This morning during a roundtable ‘Women in STEM Education and Careers’ (DeVry University, Atlanta, GA), an expert panel discussed how to improve the interest and participation of women in the STEM field.
The participants of the roundtable were: The Honorable Jan Jones (Georgia House of Representatives), Connie Haynes (FIRST for the State of Georgia), Gilda Lyon (Georgia Department of Education), Paulette Norvel Lewis (US Department of Labor), Kim Ruple (Coca Cola), Monica Thornton (Women in Technology). The moderator was Stephanie Miles-Richardson (Morehouse School of Medicine).
The recommendations brought up by the expert panel are listed below:
• The earlier girls are exposed to engineering concepts, the better.
• Avoid setting up toys based on gender stereotype; construction and car racing sets are great for girls as well.
• Keep challenging the child, even if it is 'hard work'. Parents can teach girls that math is hard, that is ok! It is important to reward tenacity and perseverance. It does take hard work to become good at STEM.
• Try to avoid using the calculator. Some people say the difference in performance between Asian kids and USA kids relates to the fact that Asian kids have learned to calculate without a machine at an early age.
Empower the teacher
• Provide the teacher with more opportunities to do ‘field trips’ in companies. By showing how a career looks like in the STEM field, it will become more attractive. There is an opportunity to ‘plant the seed’ early and provide a life-long motivation for a girl.
• Bring parents in the class and have them talk about their own STEM careers.
• Allow for failure; it is part of learning. Instead of focusing on the failure, make girls think about ‘what to do next’.
• Motivate the kids to have questions versus having the answers. It stimulates innovative thinking and is less about ‘checking a box’.
• Give equal responsibilities to girls and boys in teams. Don’t let girls become ‘the secretary of the team’. Consider single sex classes.
• Encourage mentorship and support for ‘first generation college students’. These students haven’t seen examples from their parents or their family. They can feel isolated in the school environment and therefore not encouraged to pursue their interest.

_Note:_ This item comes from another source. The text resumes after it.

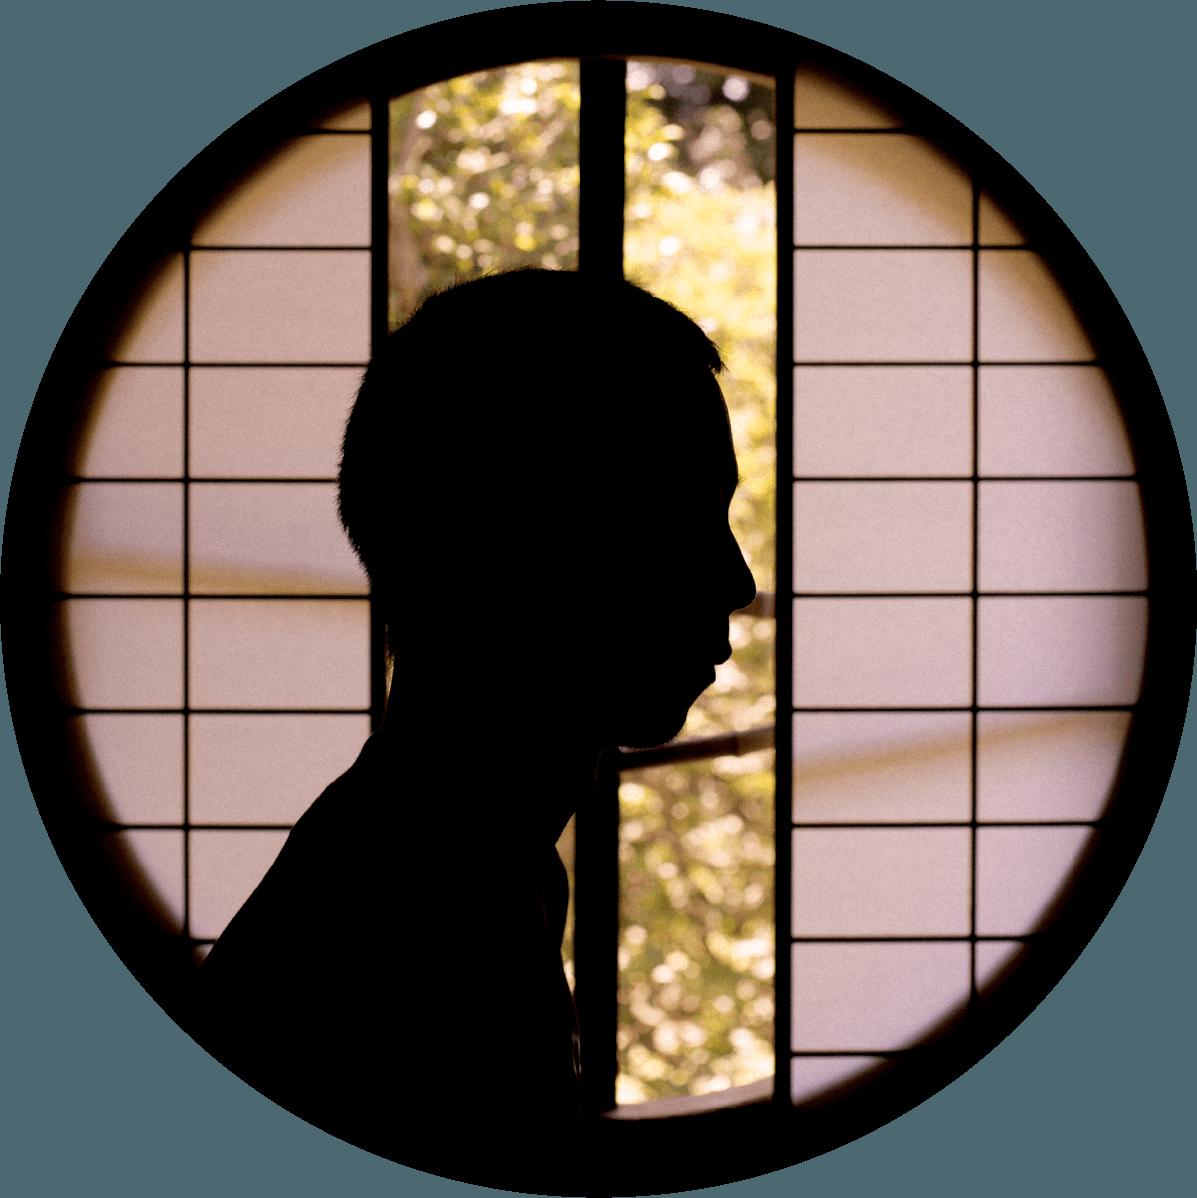 shadow profile portrait of hanzawa in a circle

• Increase the Middle School support. By the age of 9, a girl is at the peak of her self esteem. The years after, this self esteem slides. More effort is needed for teenage girls to maintain their confidence in succeeding in STEM.

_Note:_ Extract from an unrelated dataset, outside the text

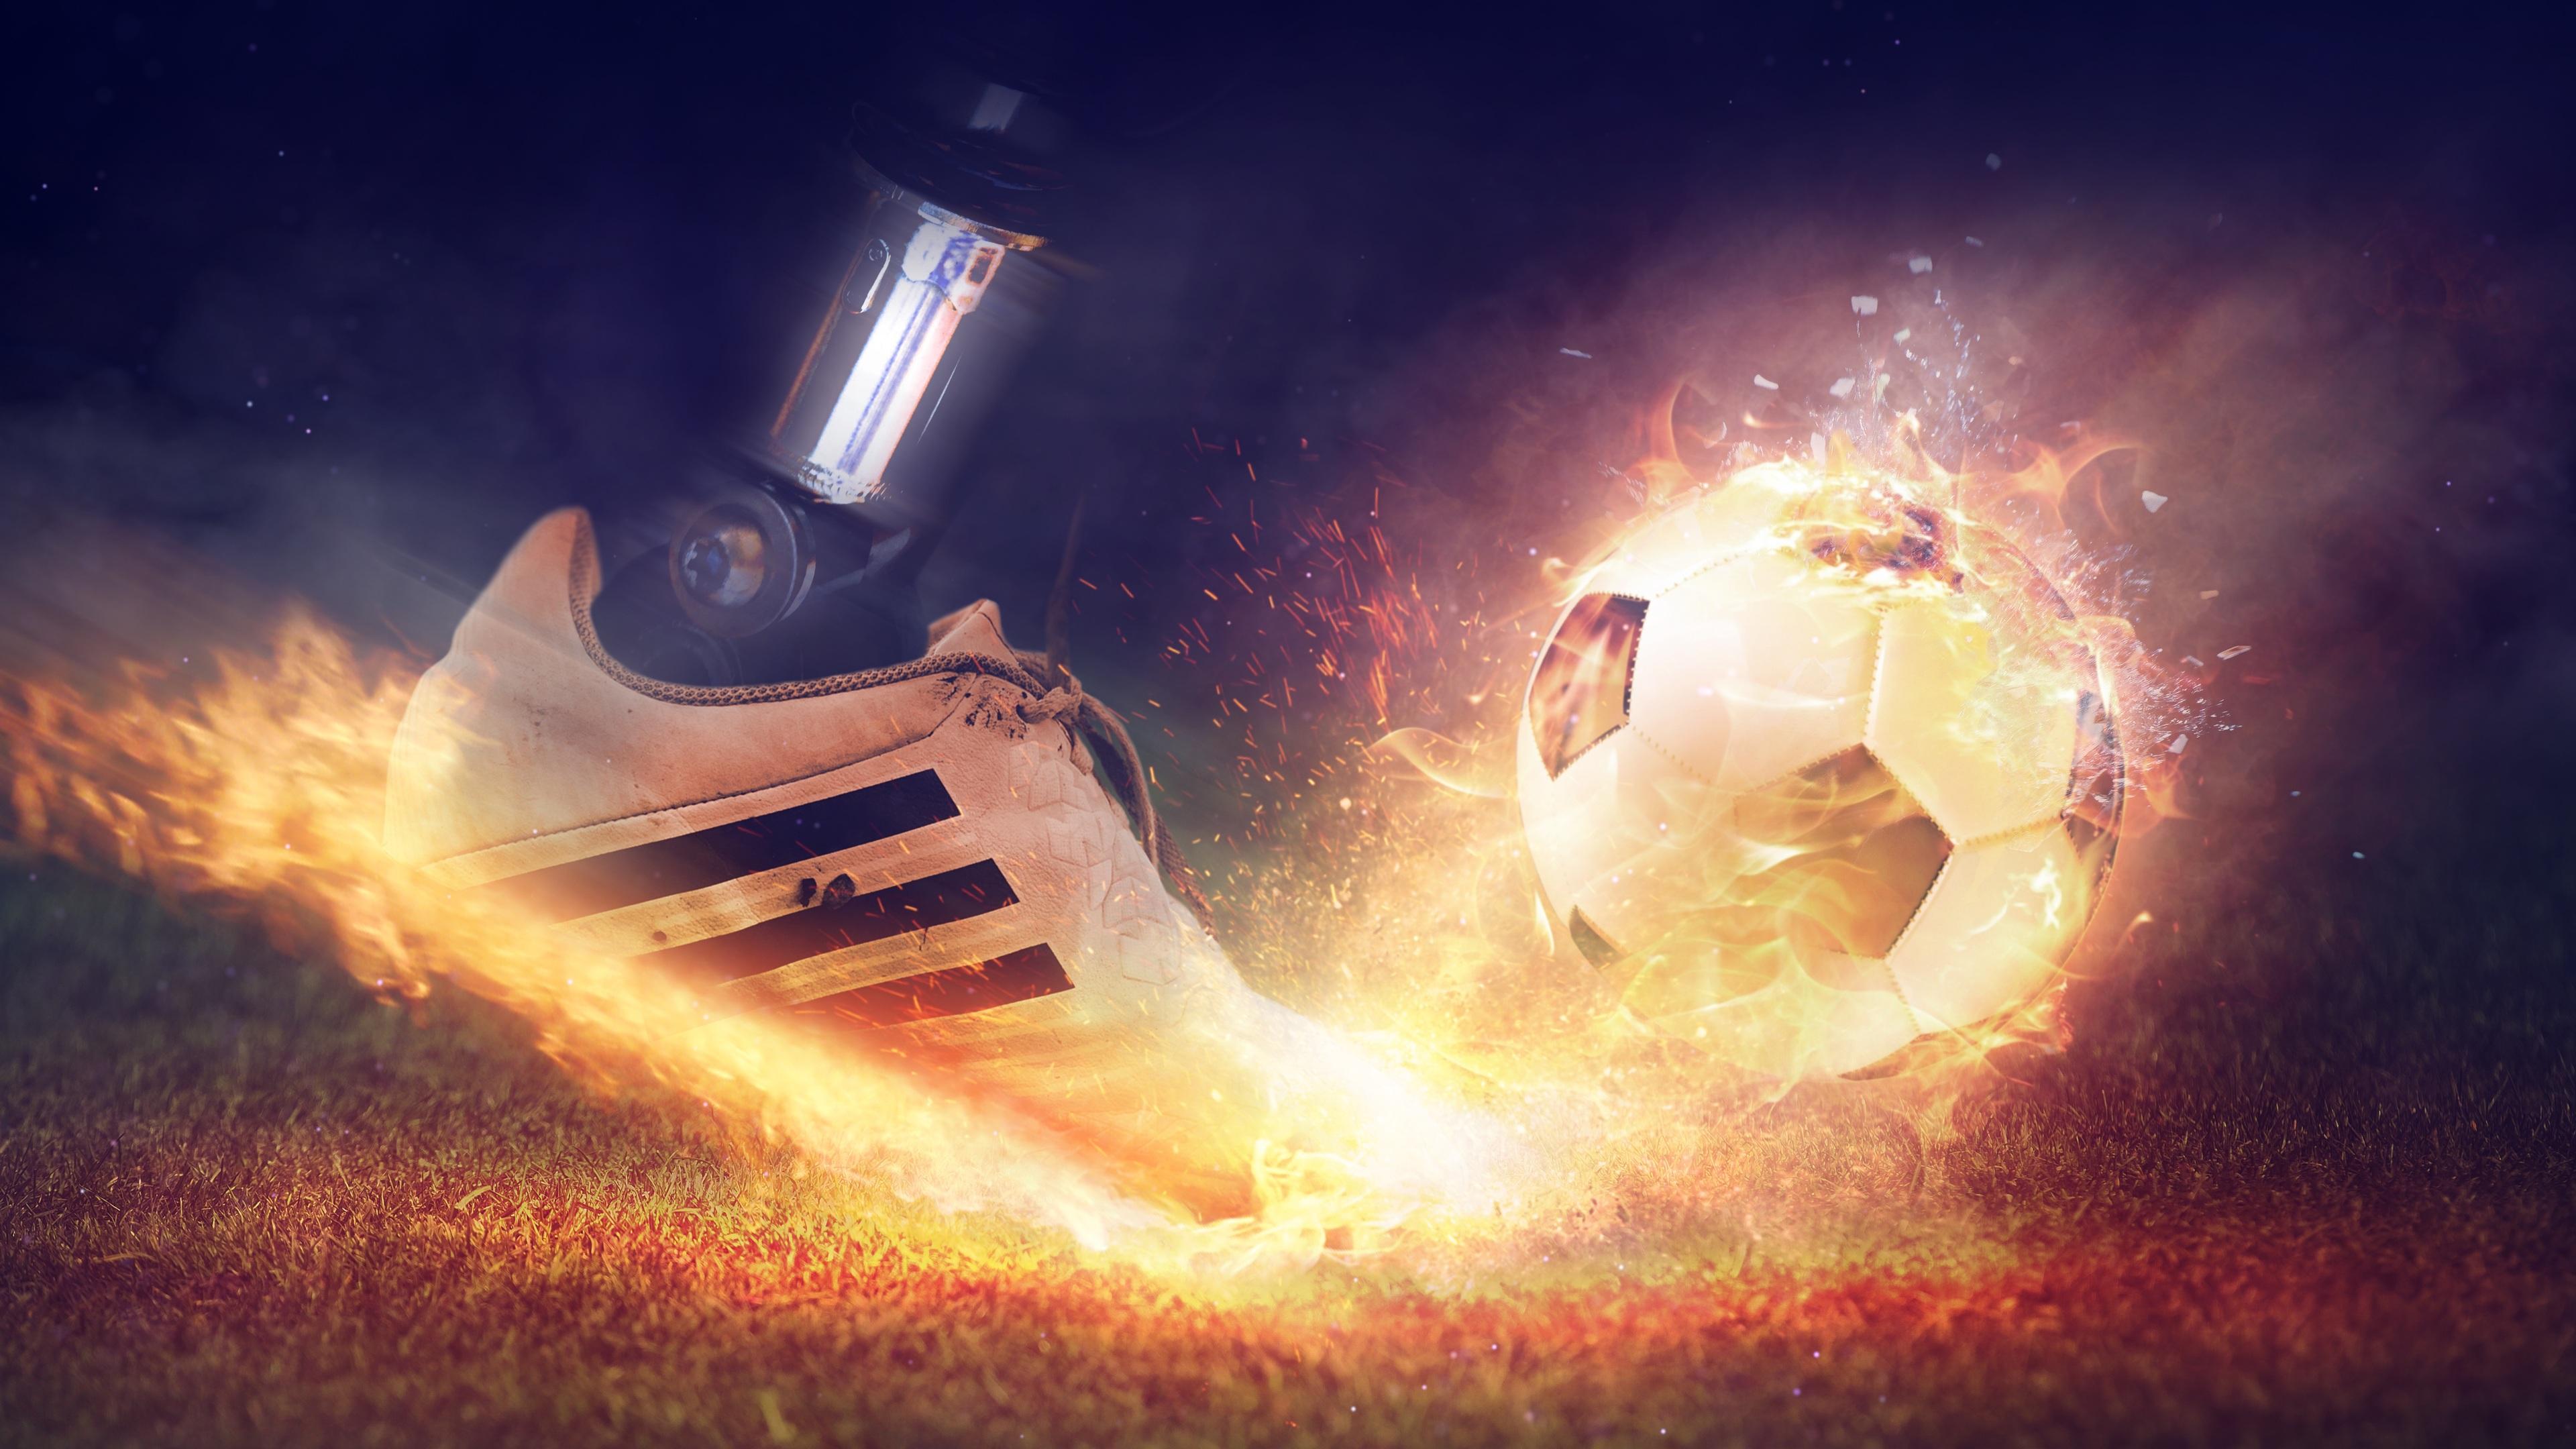 football shoe fire smoke 5k 1538786821 - Football Shoe Fire Smoke 5k - sports wallpapers, smoke wallpapers, shoe wallpapers, hd-wallpapers, football wallpapers, fire wallpapers, 5k wallpapers, 4k-wallpapers

Provide real world examples
• For girls, it is important to show what a STEM career looks like. When STEM is explained in a way that it is about ‘becoming something’ it will motivate the girl more.
• Show instead of a curriculum, a real world scenario. The University of Baltimore started with putting new students in a lab environment. By grabbing their attention immediately, they performed much better throughout the program.
• Be creative with girls: show them that a Fashion career is a technology career! Technology is integrated in everything, so to present a clothing line requires a great deal of engineering, coding and calculation.